In today’s Electrek Green Energy Brief (EGEB):

  • A new Pew Research Center survey shares findings on bipartisan beliefs about renewables.
  • Amazon announces a $2 Billion Climate Pledge Fund to invest in green energy.
  • Amesbury, Massachusetts, puts a solar farm on top of a landfill cap site.

The Electrek Green Energy Brief (EGEB): A daily technical, financial, and political review/analysis of important green energy news.

Bipartisan beliefs and green energy

Sometimes it seems like Democrats and Republicans don’t agree on anything anymore, but there is actually bipartisan support in the US for several policy options to reduce the effects of climate change, according to a new national survey by Pew Research Center, conducted April 29 to May 5, 2020, among 10,957 US adults using the Center’s online American Trends Panel.

91% of Democrats and 65% of Republicans prioritize green energy over fossil fuels. 79% of Americans overall say the country needs to prioritize alternative sources, such as wind and solar, over the expansion of fossil fuel production.

90% of Americans favor developing more solar farms and 83% support the development of more wind turbine farms.

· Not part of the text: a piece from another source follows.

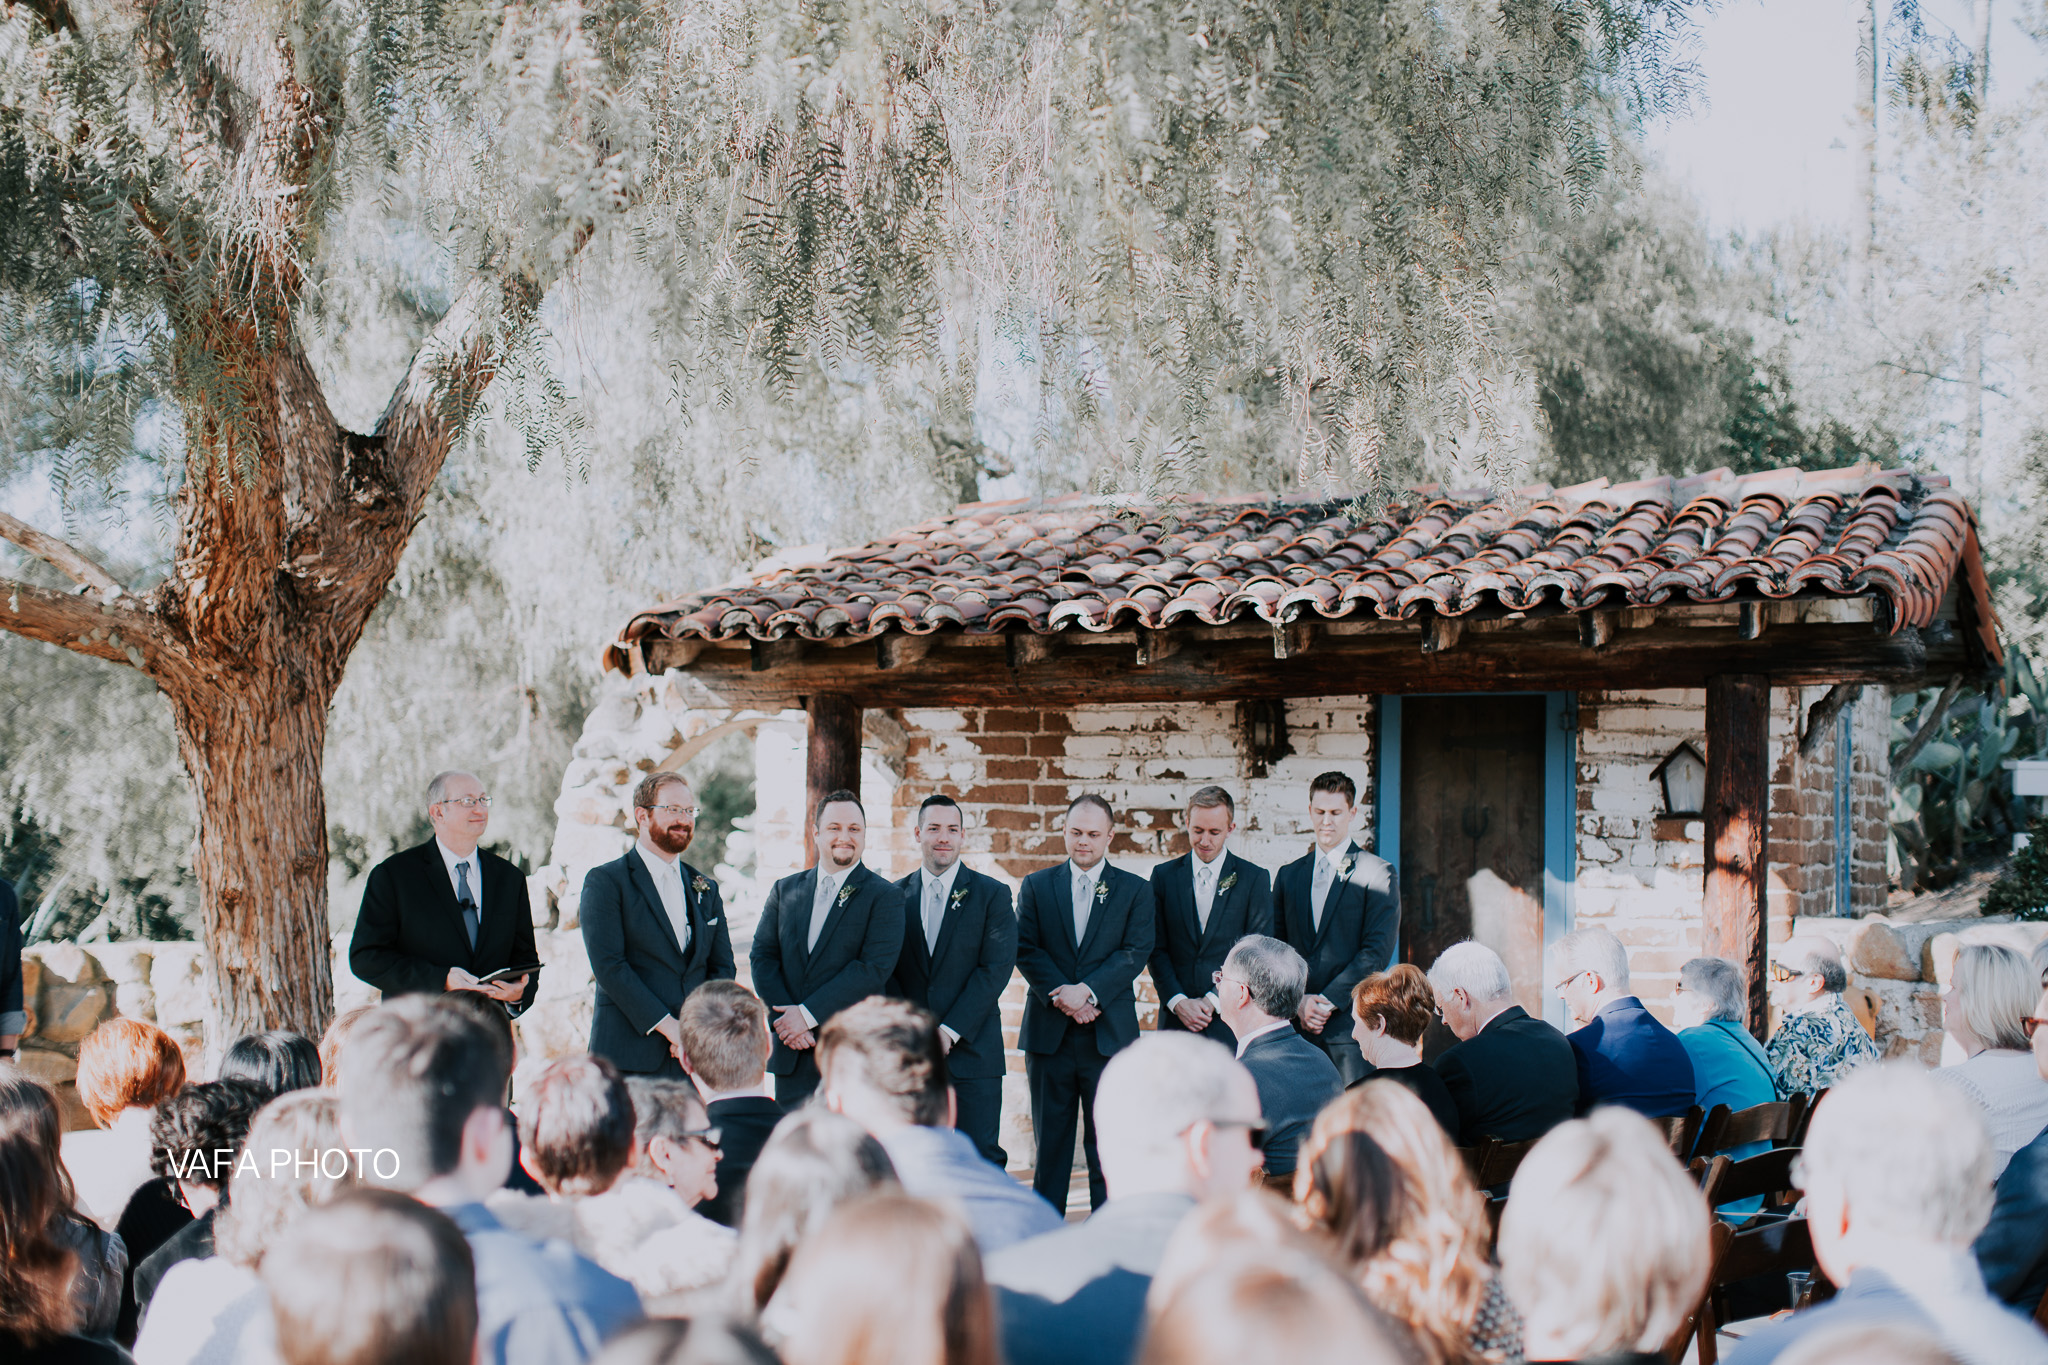 Leo-Carrillo-Ranch-Wedding-Lauren-Mike-Vafa-Photo-528.jpg

In contrast, 65% oppose expanding coal mining, 60% oppose hydraulic fracturing, and 58% oppose offshore oil and gas drilling.

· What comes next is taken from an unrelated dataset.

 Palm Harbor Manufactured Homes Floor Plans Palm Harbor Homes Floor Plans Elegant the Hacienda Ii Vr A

More than half of Republicans and an overwhelming percentage of Democrats favor a range of initiatives to reduce the impacts of climate change, including large-scale tree planting (90%), tax credits for businesses that capture carbon emissions (84%), and tougher fuel efficiency standards for vehicles (71%.)

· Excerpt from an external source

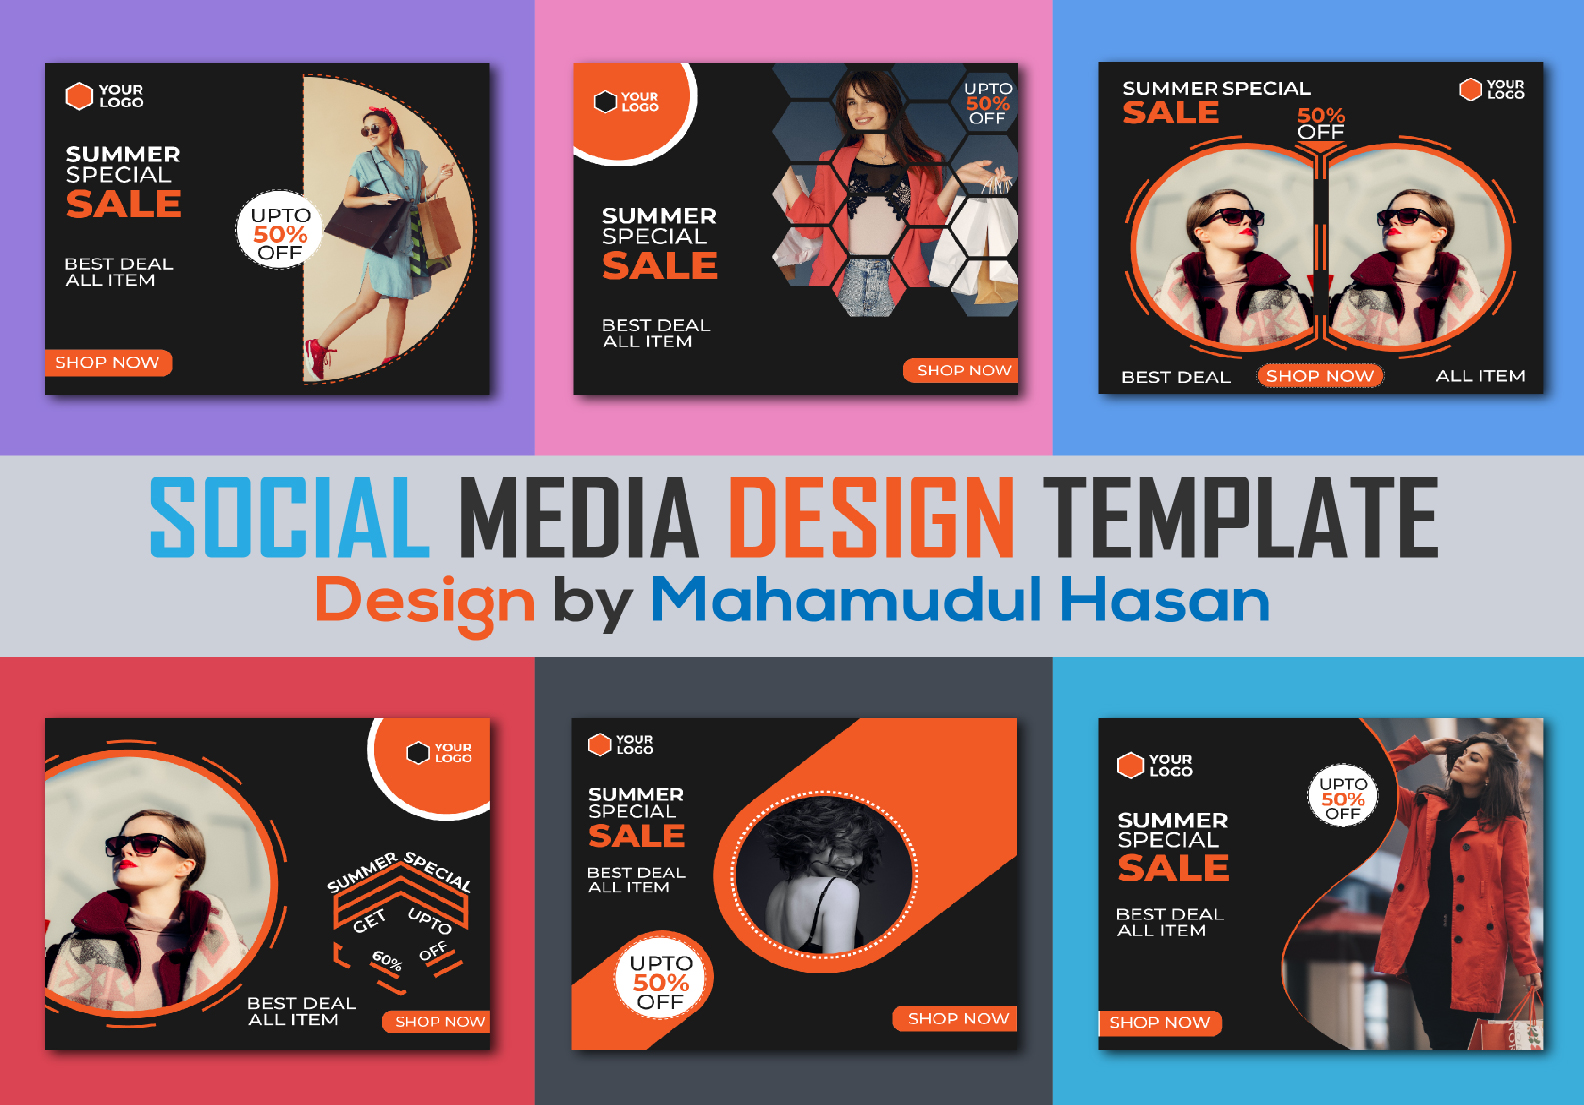 I will create trendy social media design template

And bottom line, 65% of Americans overall believe that the federal government is doing too little to reduce the impacts of climate change.

Electrek’s Take: News flash to the other 35%: The federal government is doing almost nothing. Just planting trees isn’t going to cut it. The administration, Congress, and the EPA is not listening to the majority of the people they represent.

Amazon’s $2B green energy fund

Online retail giant Amazon has announced a $2 billion Climate Pledge Fund, a venture capital fund, in order to support green energy developments to fight climate change.

The goal of Amazon and other companies who have signed The Climate Pledge is to be net zero by 2040, a decade ahead of the Paris Agreement target. The Climate Pledge was founded on September 19 by Amazon and Global Optimism. Verizon, health and hygiene product company Reckitt Benckiser, and Infosys recently joined the pledge.

The Climate Pledge Fund will invest in companies in multiple industries, including transportation and logistics, energy generation, storage and utilization, manufacturing and materials, circular economy, and food and agriculture.

Jeff Bezos, Amazon founder and CEO, said:

Companies from around the world of all sizes and stages will be considered, from pre-product startups to well-established enterprises. Each prospective investment will be judged on its potential to accelerate the path to zero carbon and help protect the planet for future generations.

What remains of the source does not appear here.